One recent application of GFP was to document the assembly of individual virions of human immunodeficiency virus (HIV) in real time and in live cells. This study forms part of a major research effort whose origin was marked by this year's Nobel Prize for Physiology or Medicine, awarded to Françoise Barré-Sinoussi and Luc Montagnier for their discovery of HIV-1 in 1983. The award had been expected for many years, but the delay seems wise as it has allowed the rather unsightly dust stirred up at the time about credit for the discovery to settle. The award for the discovery of HIV was bound to be hotly debated because of the fundamental contributions Robert Gallo (University of Maryland, Baltimore) made to HIV/AIDS research right from the beginning by isolating HIV-1 from many patients in 1984, and confirming its causative role in the development of AIDS (alongside Montagnier, Jay Levy, Robin Weiss, Max Essex and William Haseltine). The Nobel committee evidently noted the detailed forensic investigations into the history of the discovery of HIV, published in the wake of conflicting claims from the two main groups, and made a clear statement by awarding half of this year's prize to Harald zur Hausen of the German Cancer Research Centre (Heidelberg) for his discovery of human papilloma viruses (HPVs) that cause cervical cancer. As with the discovery of HIV, the recognition that HPVs are the causative agents of over 70% of cervical cancers has significant health implications and the award is timely as immunization is now widely available, although still faced with a worrying amount of opposition in many countries.

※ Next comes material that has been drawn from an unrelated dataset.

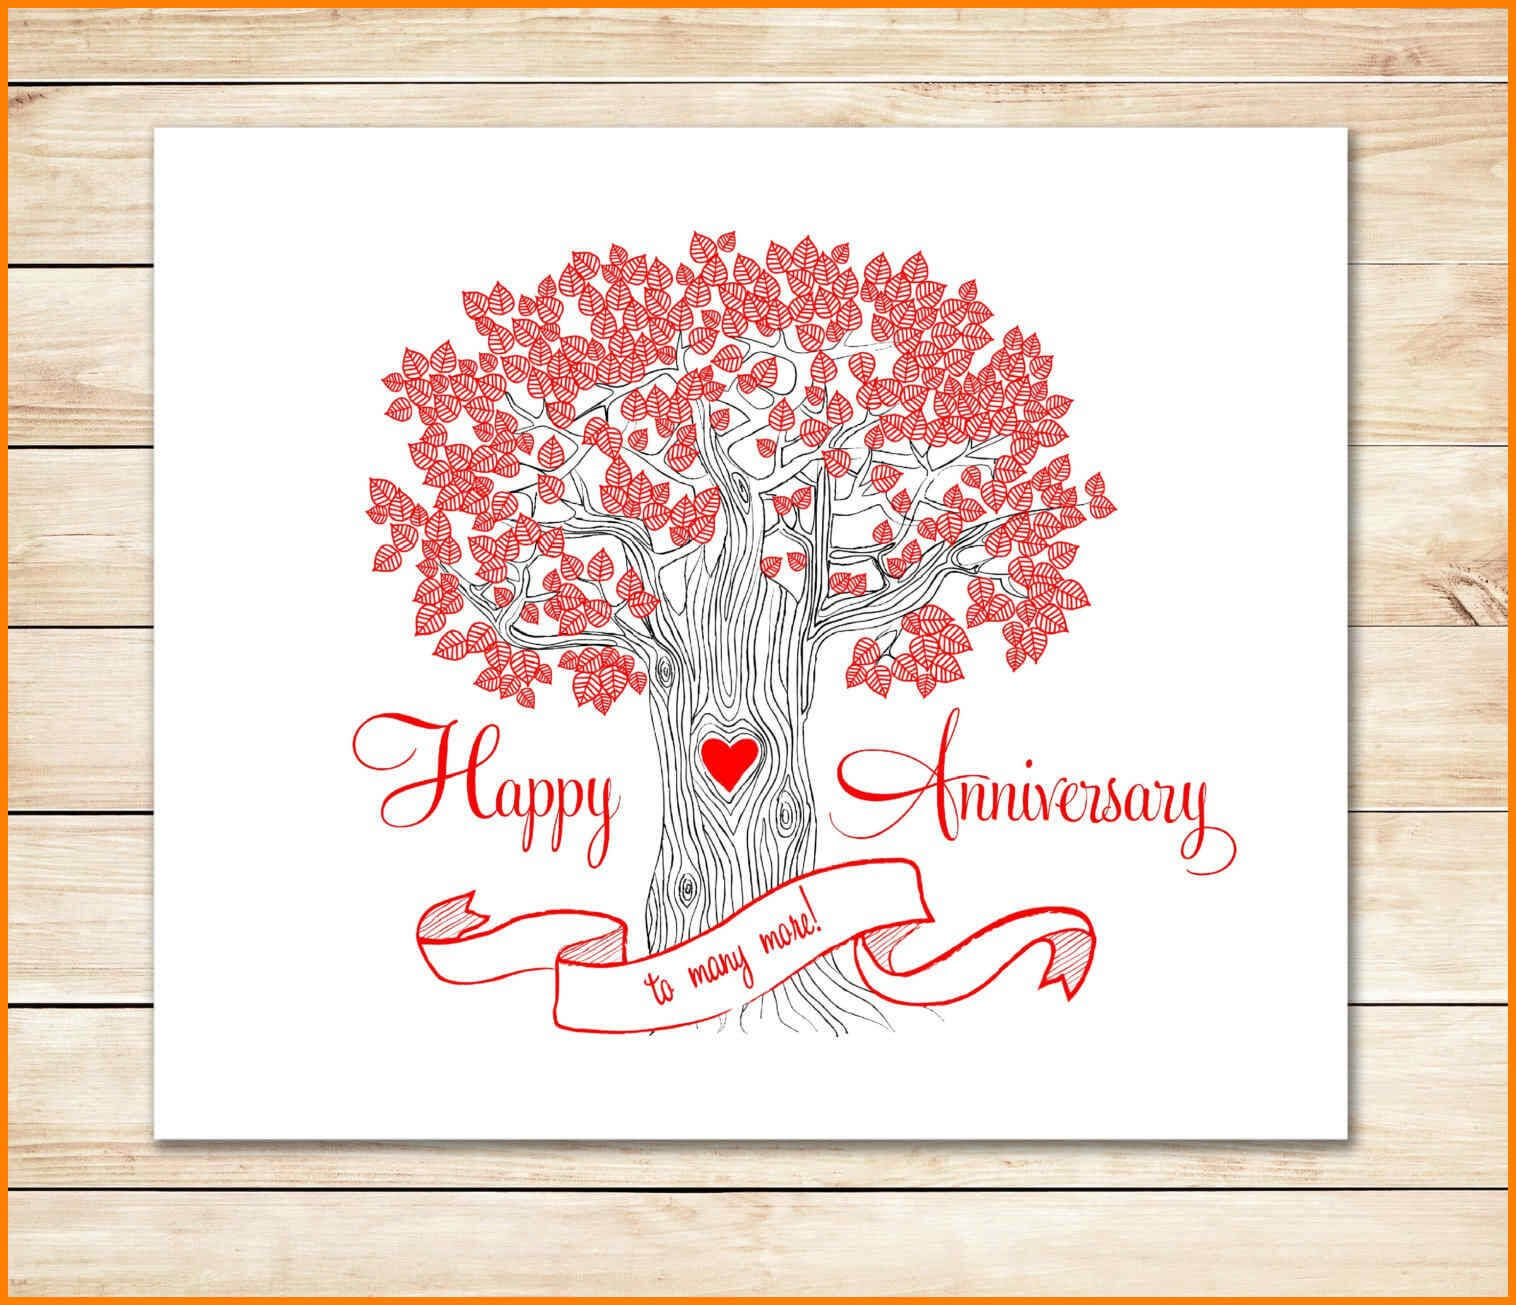 8+ Happy Anniversary Templates Free | Plastic Mouldings With Template For Anniversary Card

Earlier this year, the Lasker Basic Medical Research Award to David Baulcombe (University of Cambridge), Victor Ambros (University of Massachusetts Medical School, Worcester) and Gary Ruvkun (Massachusetts General Hospital, Boston) carried the citation 'For discoveries that revealed an unanticipated world of tiny RNAs that regulate gene function in plants and animals.' Remarkably, the miRNA work of Ambros and Ruvkun started with lin-4 and lin-14, genes identified by Chalfie and colleagues. As with the implication of HPV16 and 18 in cervical cancer, which went against the prevailing dogma and took more than ten years to be accepted, the discovery of small inhibitory RNAs was totally unexpected and took many years to unravel, partly because of its 'dogma shifting' attributes. The tenacity, creativity and, in Baulcombe's words, “left hemisphere thinking”, alone richly deserves the prize, besides the significant impact these findings have had in providing the major research tool noted above and in uncovering a whole new dimension of cellular regulation. It is satisfying that the Lasker Prize, normally seen as presage to the Nobel Prize, revisited the topic two years after the Nobel Prize awarded to Andrew Fire and Craig Mello to recognize three arguably equally deserving small RNA pioneers.